Forbidden (403)

While creating an integration, you may encounter the following Forbidden (403) error:

This error can occur for a few different reasons.

A user can only edit a design that they created. If you call the editDesign method and pass through a designId of a design not created by the current user, Canva responds with a 403 error.

By default, an integration's API keys are locked to the following domains:

  • localhost

If requests don't originate from these domains, Canva responds to the requests with a 403 error.

To use the API keys from other domains, you need to request Canva to add the domains to the allowlist.

To raise a request:

  1. Navigate to the Canva Helpdesk.
  2. Select Integration support.
  3. In the Domains field, list the other domains.

When an integration loads the product catalog, the request that's sent to Canva must include the Referer HTTP header. Canva uses the Referer header to identify if the integration's domain is on the allowlist.

Sometimes though, the Referrer-Policy header is set to a value that prevents Canva from receiving the Referer header:

Referrer-Policy: no-referrer
Referrer-Policy: no-referrer-when-downgrade

As a result, Canva can't confirm if the origin domain is on the allowlist and blocks the request, causing the 403 error.

To fix this problem, we generally recommend setting the Referrer-Policy header to the strict-origin-when-cross-origin header. This ensures that the origin is sent with cross-origin requests, which allows Canva to verify if the origin domain is on the allowlist.

For more information, refer to Referrer-Policy.

When initializing the Partnership SDK, an integration needs to provide an autoAuthToken:

(async () => {
const api = await Canva.Partnership.initialize({
apiKey: "<api_key>",
autoAuthToken: "<auto_auth_token>",
container: document.getElementById("container"),

If this token is invalid, Canva responds with a 403 error.

These are some reasons why an autoAuthToken might be invalid:

When calculating a token, double-check the following values

  • The integration's Partner API key.
  • The integration's Partner API secret.
  • The ID of the end user (that is, the ID of the partner's customer).
  • The "issued at" time of the token as a UNIX timestamp (in seconds).
  • The "expires at" time of the token as a UNIX timestamp (in seconds).

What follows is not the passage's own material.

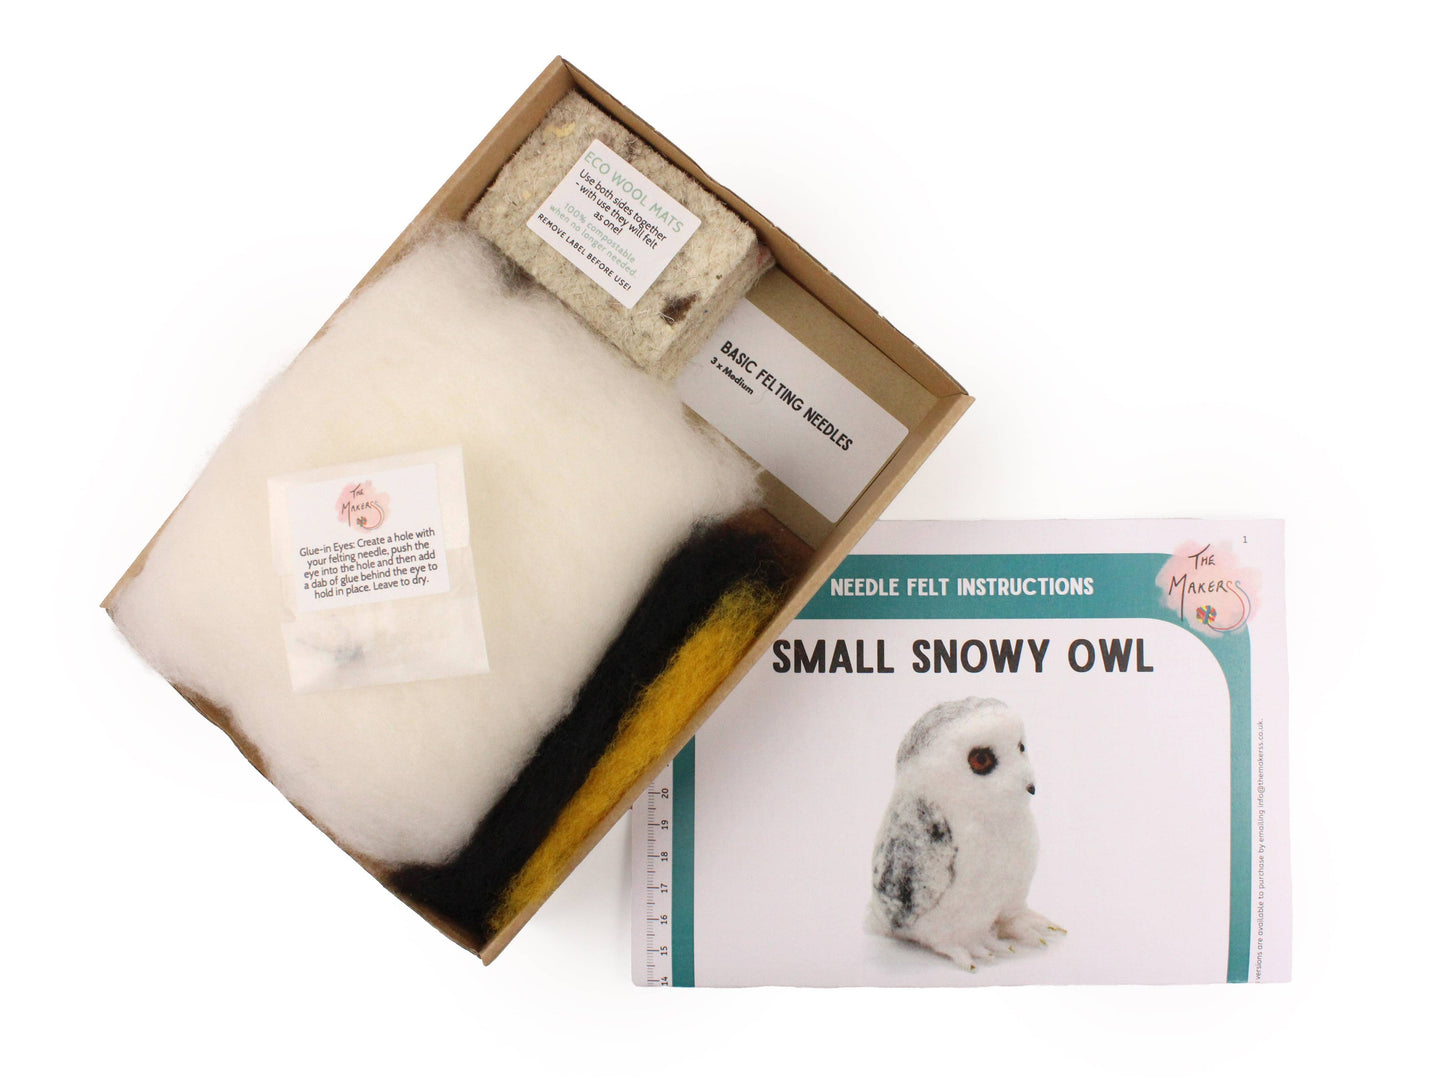 Snowy Owl Small Needle Felt Kit

Are the values accurate? Are they of the correct type?

Verify that the Partner API key and Partner API secret are for the same environment. You can't, for instance, calculate a token using the "production" API key and the "test" API secret.

There is some leniency, as it's possible for server clocks to not be perfectly synchronized, but the "issued at" time should be as accurate as reasonably possible.

The Partnership SDK requires autoAuthTokens to expire in 12 hours or less.

You can't calculate more than 5 autoAuthTokens from the same IP address in under an hour. If end users are returning to an integration more than 5 times per hour, you can avoid reaching this limit by saving the autoAuthToken in a cookie or via local storage.